Захаживали к нам еще Вяхиревы, Юрий Петрович, папашин однокашник по Владивостоку, и Ирина Ивановна, актриса. Ее сыну Лешке было тогда лет десять, а мне 11—12. Теперь Алексей Некипелов великий актер, уровня Фрейндлих, но по пьяни далее Севастопольского ТЮЗа и Старого Оскола не прогремел. С Ириной же Ивановной мы и сейчас подружки.

Итак, живем мы на Коммунальной в двух комнатах: в одной родители с Мишкой, в другой — мы с бабушкой. Полы паркетные, стены с обоями, но квартира казенная, и до нас там жили люди.

Вдруг на брате появляются красные пятна величиной с пятак. Ну, все в панике, аллергия — семь пружин, папаша делает вручную кварцевую лампу — вон она стоит, я до сих пор кварцую загриппованные помещения.

Но однажды с брательника снимают клопа! Полундра, объявлен крестовый поход. Итак, безотказное средство против клопов: берется керосин, в нем разводится ДДТ (да-да!) до густоты сметаны и замазываются все дырки в стенах и плинтусах. И ни одного клопа!

Вот это ощущение старшей сестры — но речь не об этом. Мы, конечно, иногда поддирались, но по большей части жили дружно.

Он был кареглазый и не на кого не похожий. Рос он ангелом, и никто ничего не подозревал, но тут я приношу из школы коклюш. У брата он осложняется воспалением легких, и мама 2 или 3 месяца носит его на руках — головкой к своей щеке. Вот тогда-то одна из врачих с удивлением, что мы этого не знаем, сказала, что у ребенка тетрада — четверной порок сердца. Студенческий, как она сказала, то есть дураку слышно. Только операция.

Через год операцию сделали в Питере. Брат умер 13 февраля 62 г. В то время неудачные операции на сердце были через две на третью.

Отец привез маму в Геленджик, оттуда они уехали в санаторий, потом обратно в Геленджик, а отец — на работу. С тех пор в доме никогда не говорили о брате, никогда не упоминали ничего, с ним связанного, и пачку его снимков отец держал там, где мама не знала. В Калининград мы вернулись на другую квартиру.

Квартира эта была отдельная, и было маме 39 лет, а мне — 15. Через некоторое время мама велела мужу увезти ее из этого города куда угодно. Год он добивался перевода и полгода менял квартиру. В ЧВВМУ им Пал-Степаныча Нахимова он пошел с понижением в должности, а двухкомнатную хату сменял на однокомнатную.

В этот период моя подростковая фронда заменилась чудесными отношениями между нами тремя. Мы везде были втроем, и мне весьма завидовали одноклассники, а позже — однокашники и сослуживцы, что у меня такие молодые продвинутые родители.

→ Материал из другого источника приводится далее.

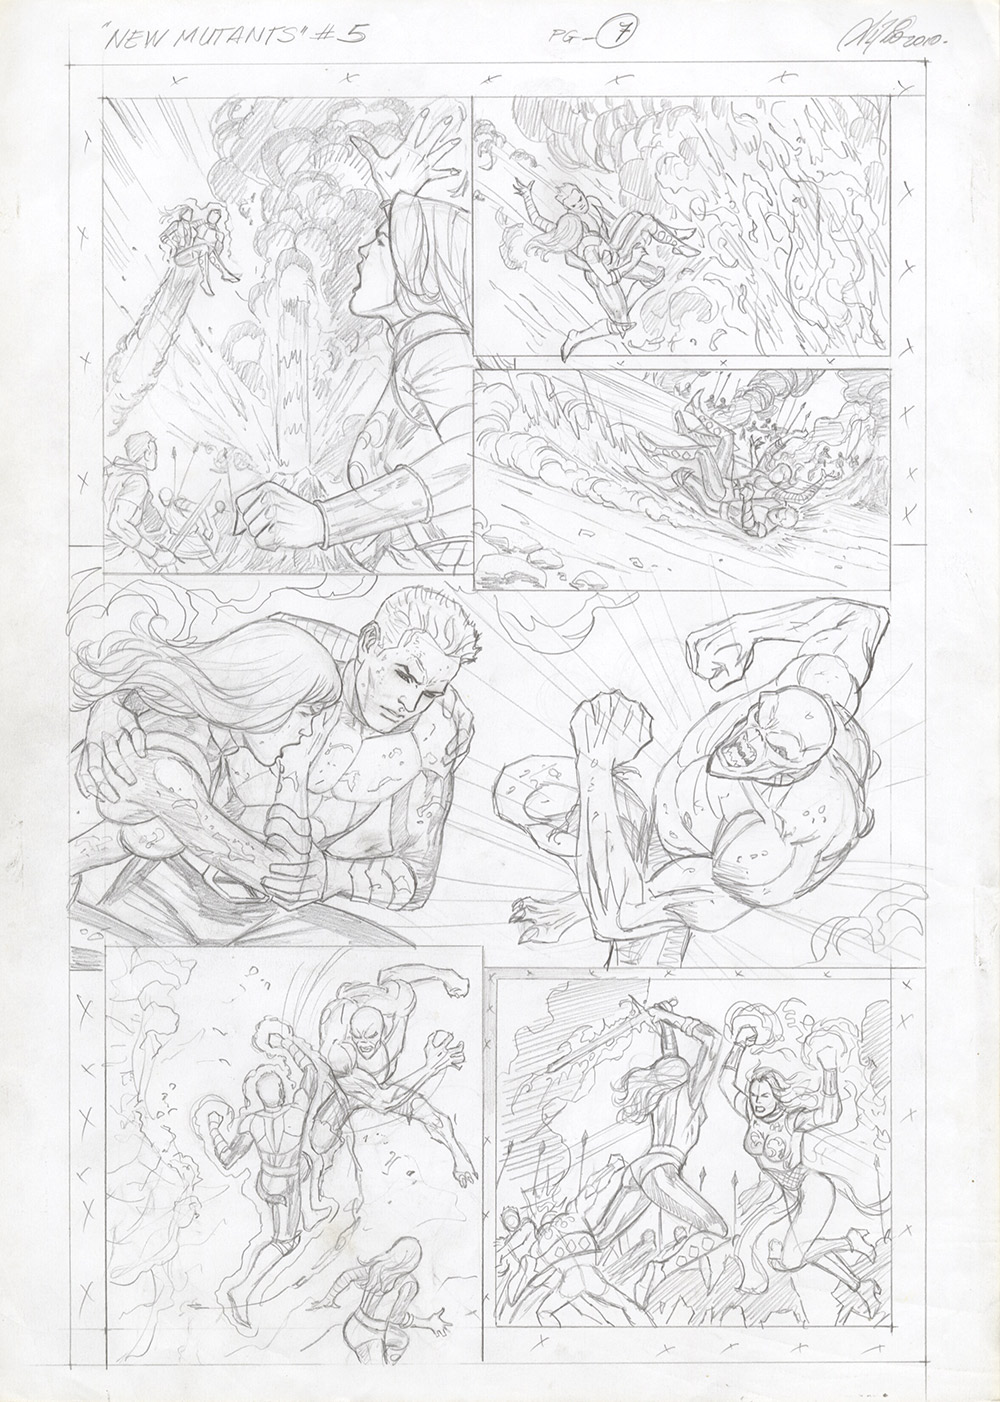 New Mutants #5, Page 7 - Original Comic Art prelim page by Al Rio

Года через четыре родители заявились ко мне в Киев, где я была на практике. Киев накрыла иерусалимская жара. И вот идем мы и видим — на тротуаре лежит шланг, на другом конце которого кто-то поливает. Тот же кусок, что лежит, подтекает такими фонтанчиками. Мама говорит «ой!», подлезает под этот фонтанчик и прыгает, как в детском саду! Ей тогда было 44 года.

Мы узнавали Севастополь, как когда-то Калининград — с ноги. Пешком ходили на Херсонесский маяк, исходили всю Северную и вообще — все побережье. Не в пример Кенигу, где матушка была помоложе, она на конечном этапе прогулки должна была полежать и даже пыталась поспать.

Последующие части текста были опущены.